● TASK REQUIREMENTS
What is needed is a word-for-word copy of the lines below from the one with "Batman Vs. Bane Coleccionable" through the one with "Pigiama Ragazzo Cotone", both included, with every picture left out.

● THE DATA

====

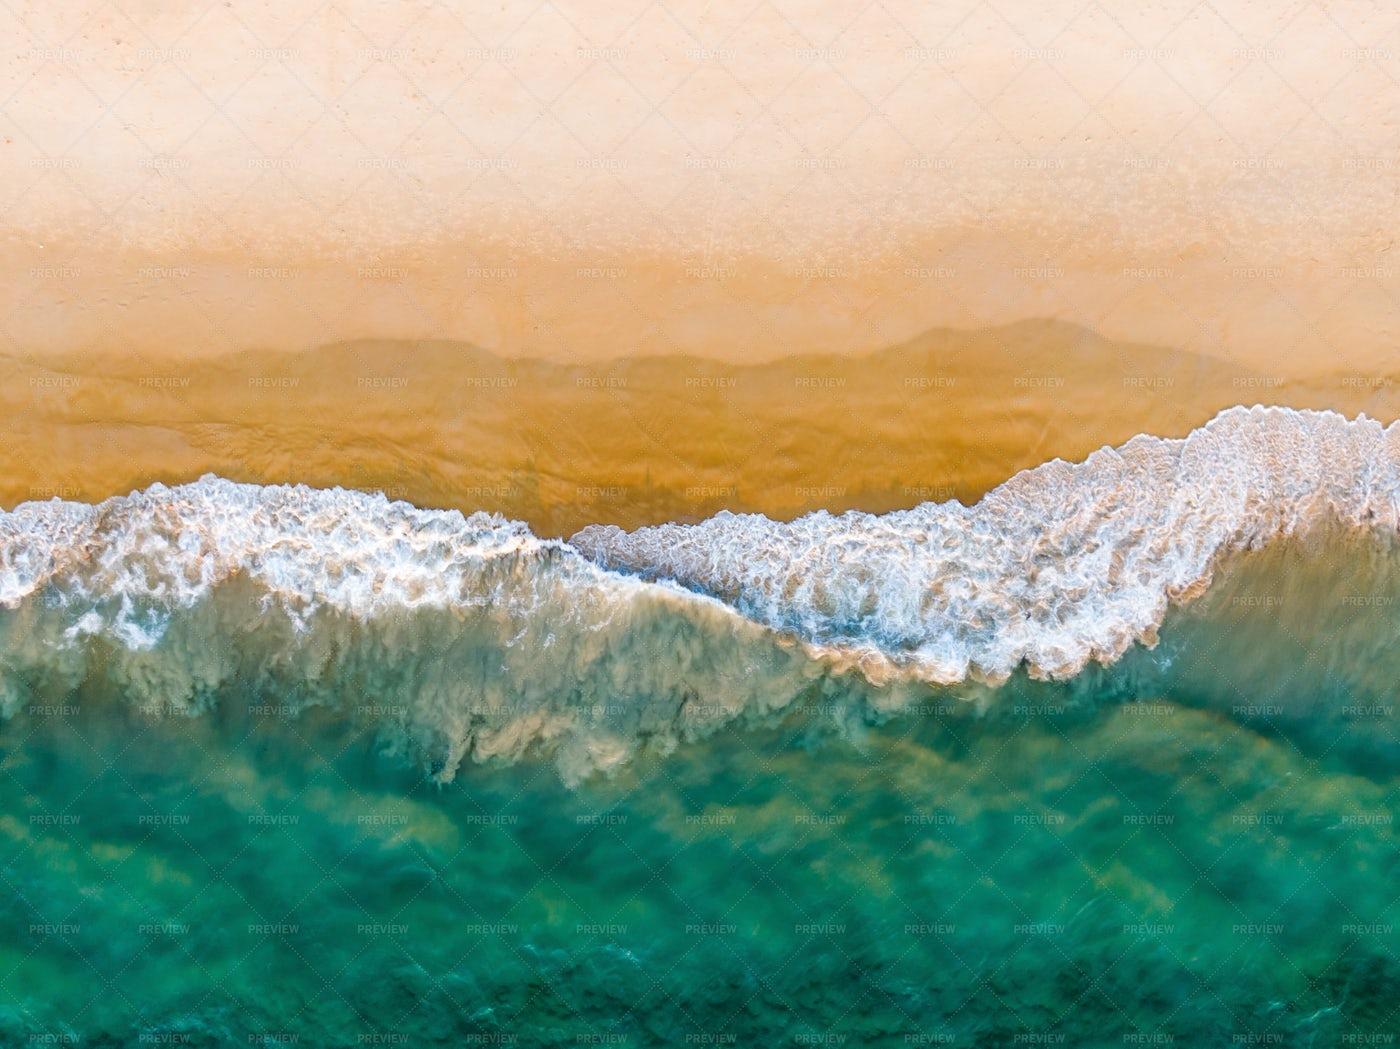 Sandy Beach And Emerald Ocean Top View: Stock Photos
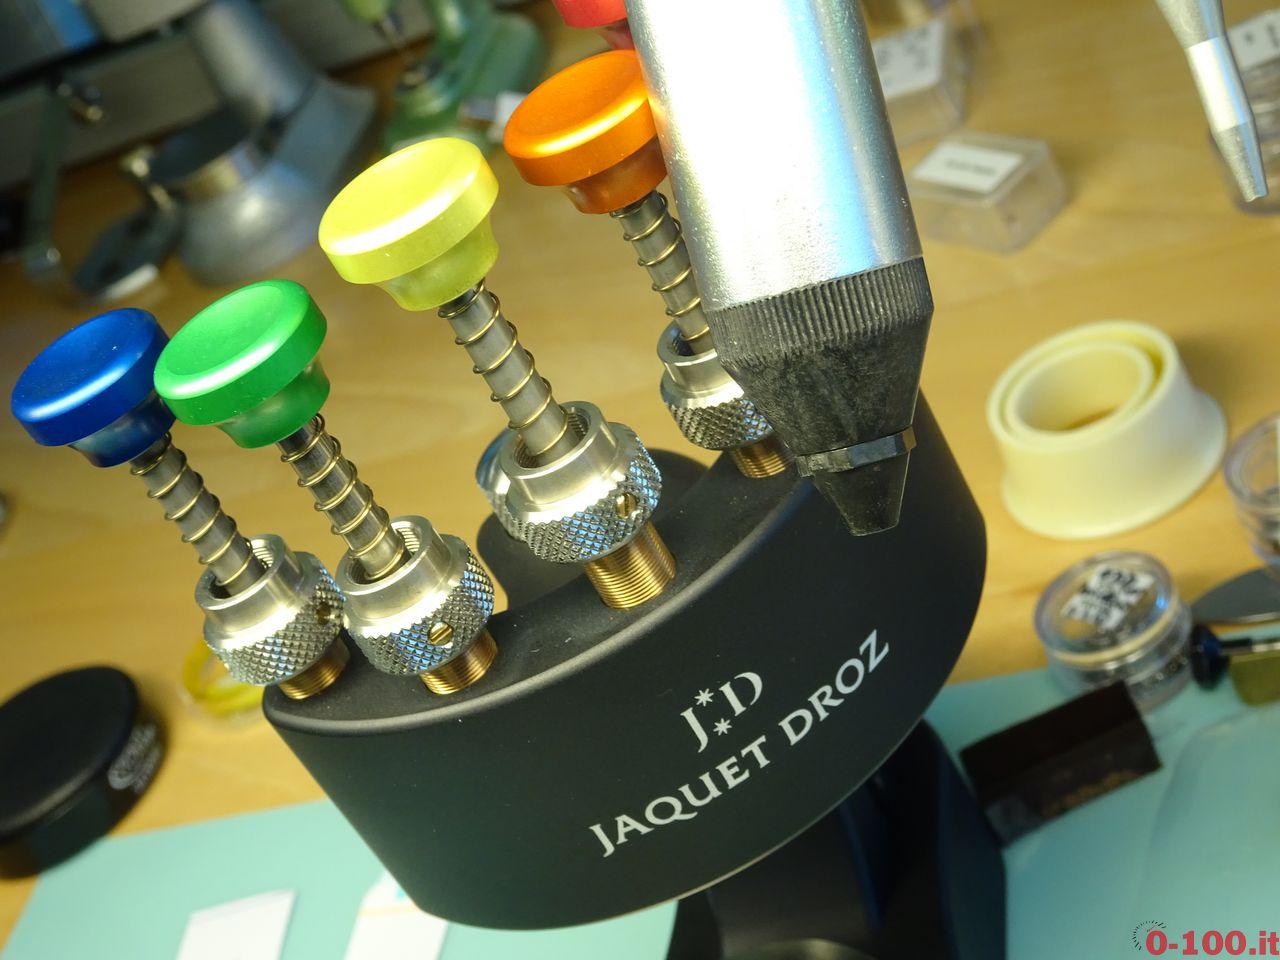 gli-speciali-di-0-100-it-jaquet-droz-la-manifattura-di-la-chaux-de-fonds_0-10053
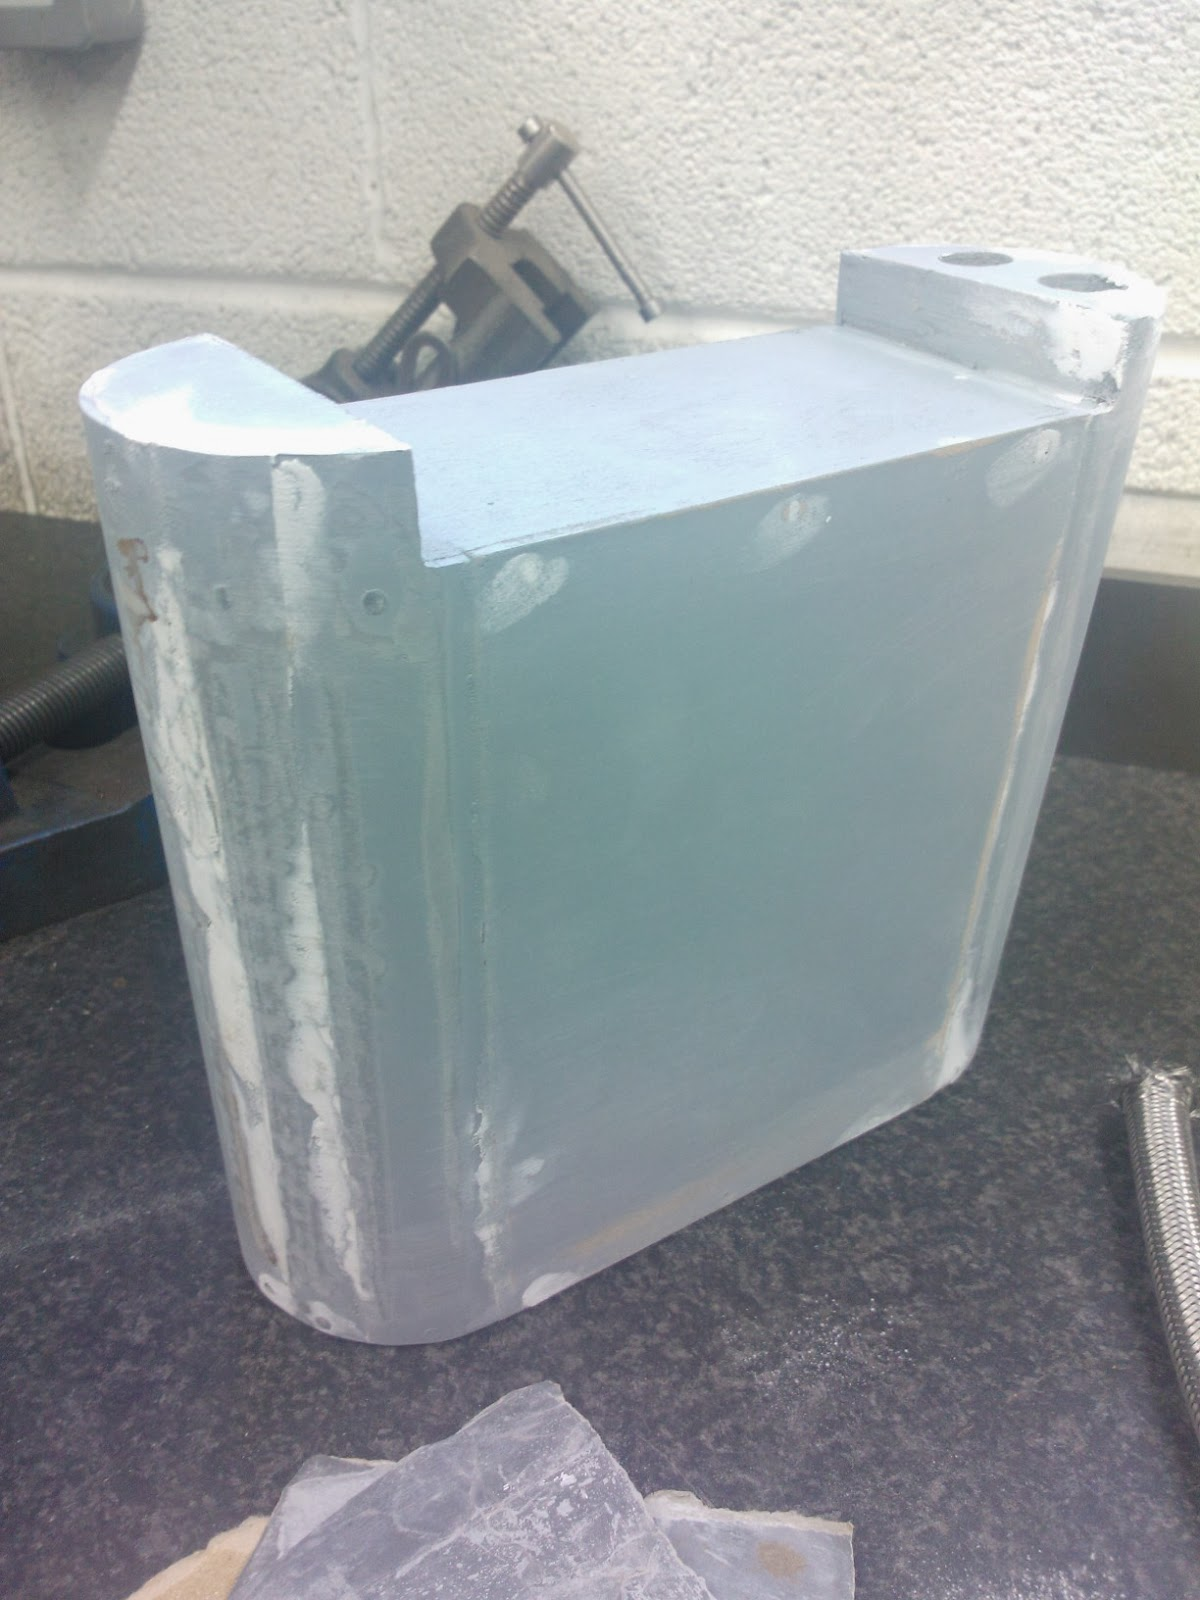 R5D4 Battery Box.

====

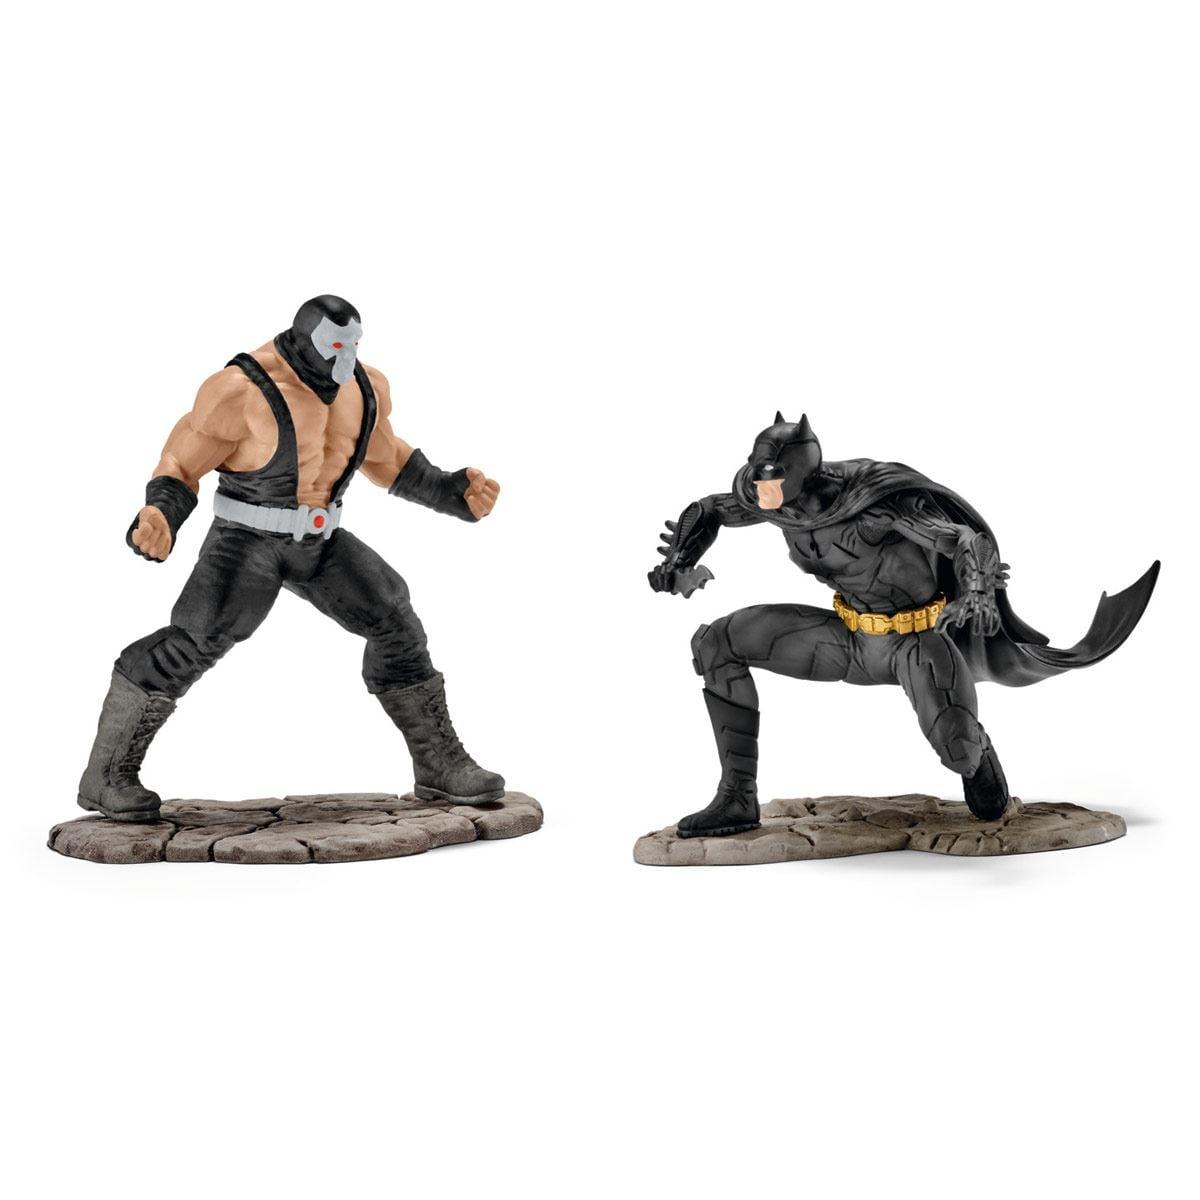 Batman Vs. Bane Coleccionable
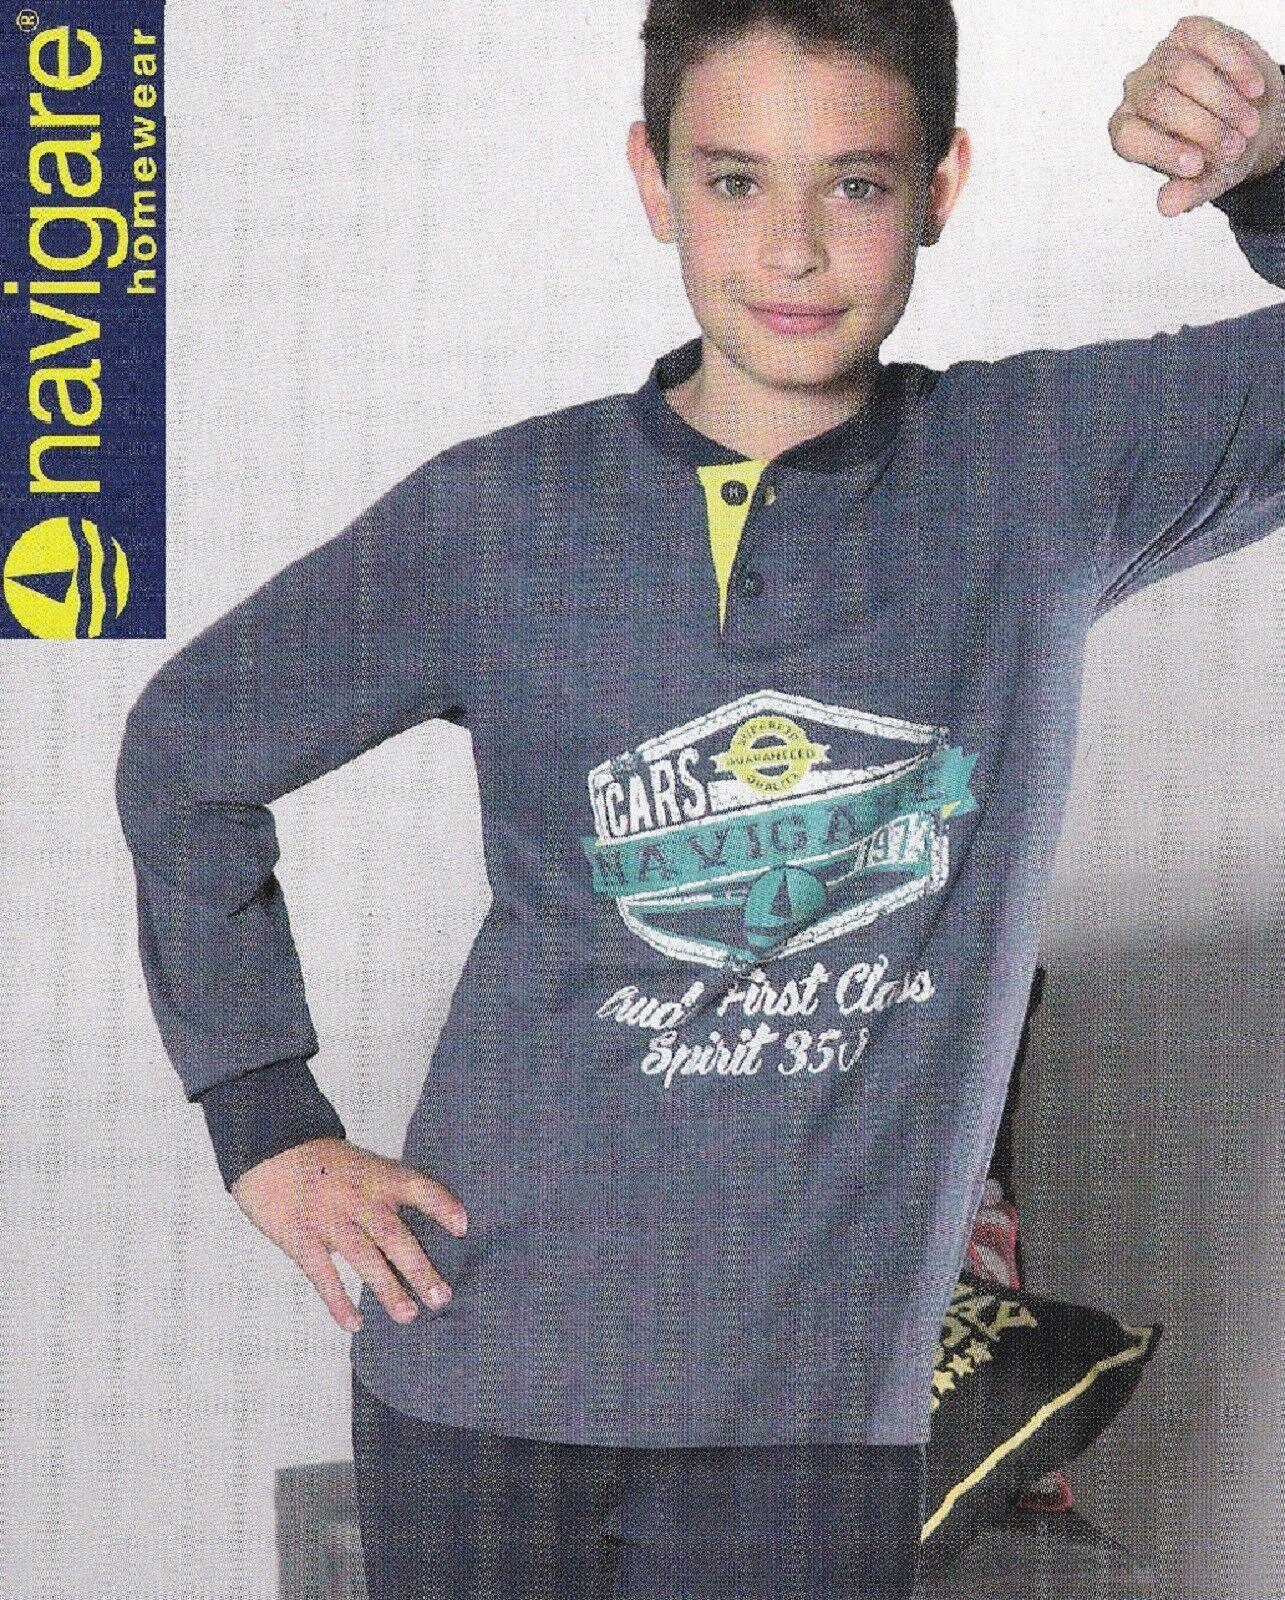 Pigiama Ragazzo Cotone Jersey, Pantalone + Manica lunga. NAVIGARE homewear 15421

====

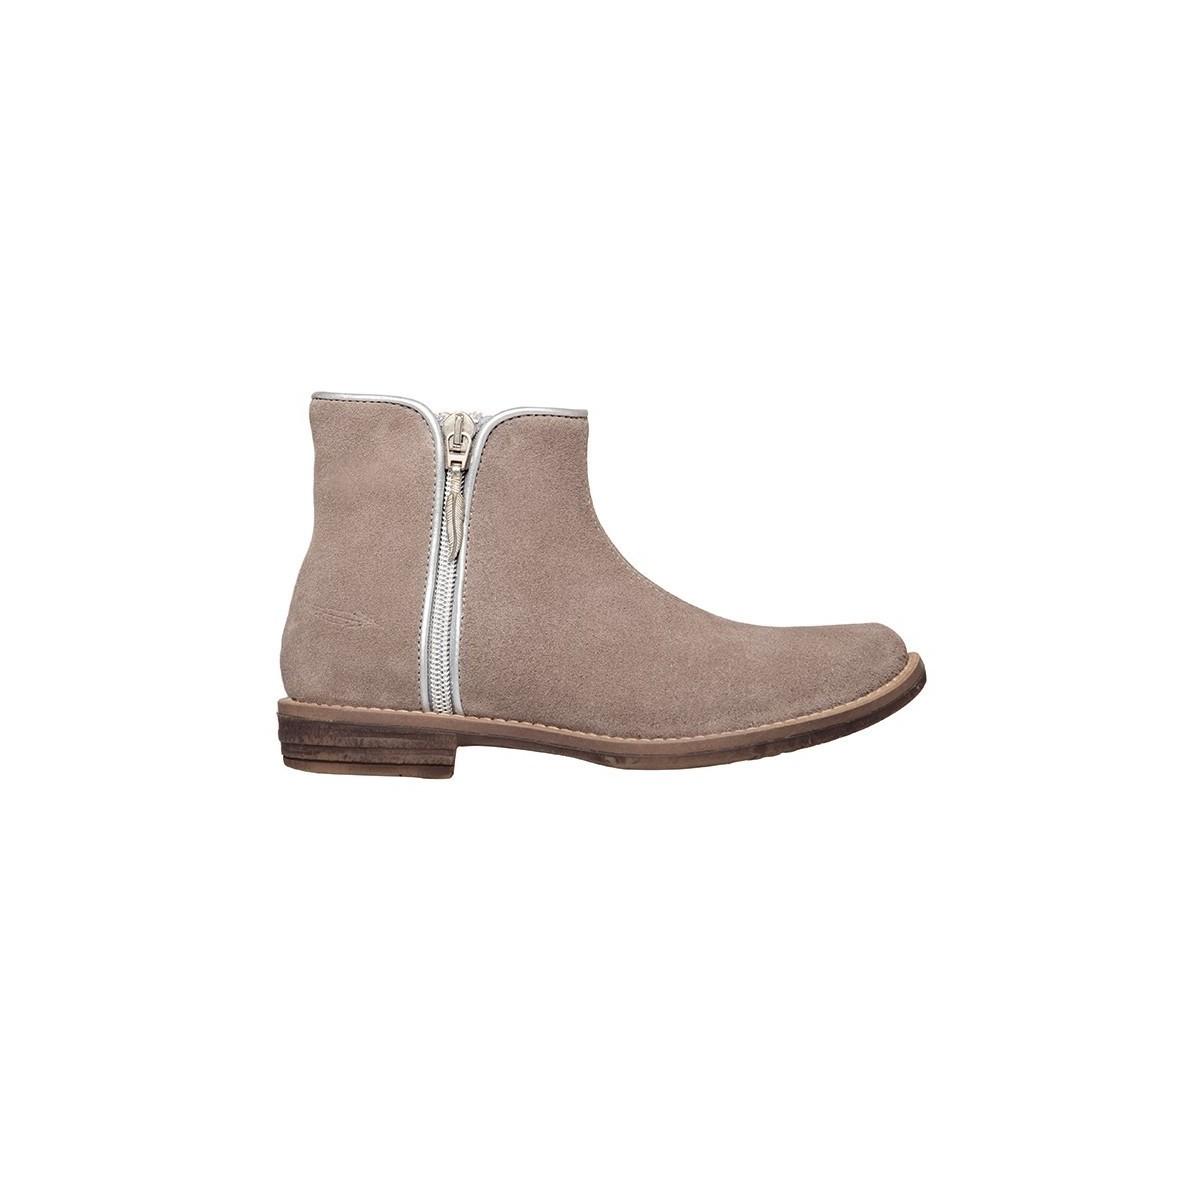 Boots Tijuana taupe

====

● OUTPUT BELOW
 Batman Vs. Bane Coleccionable
 Pigiama Ragazzo Cotone Jersey, Pantalone + Manica lunga. NAVIGARE homewear 15421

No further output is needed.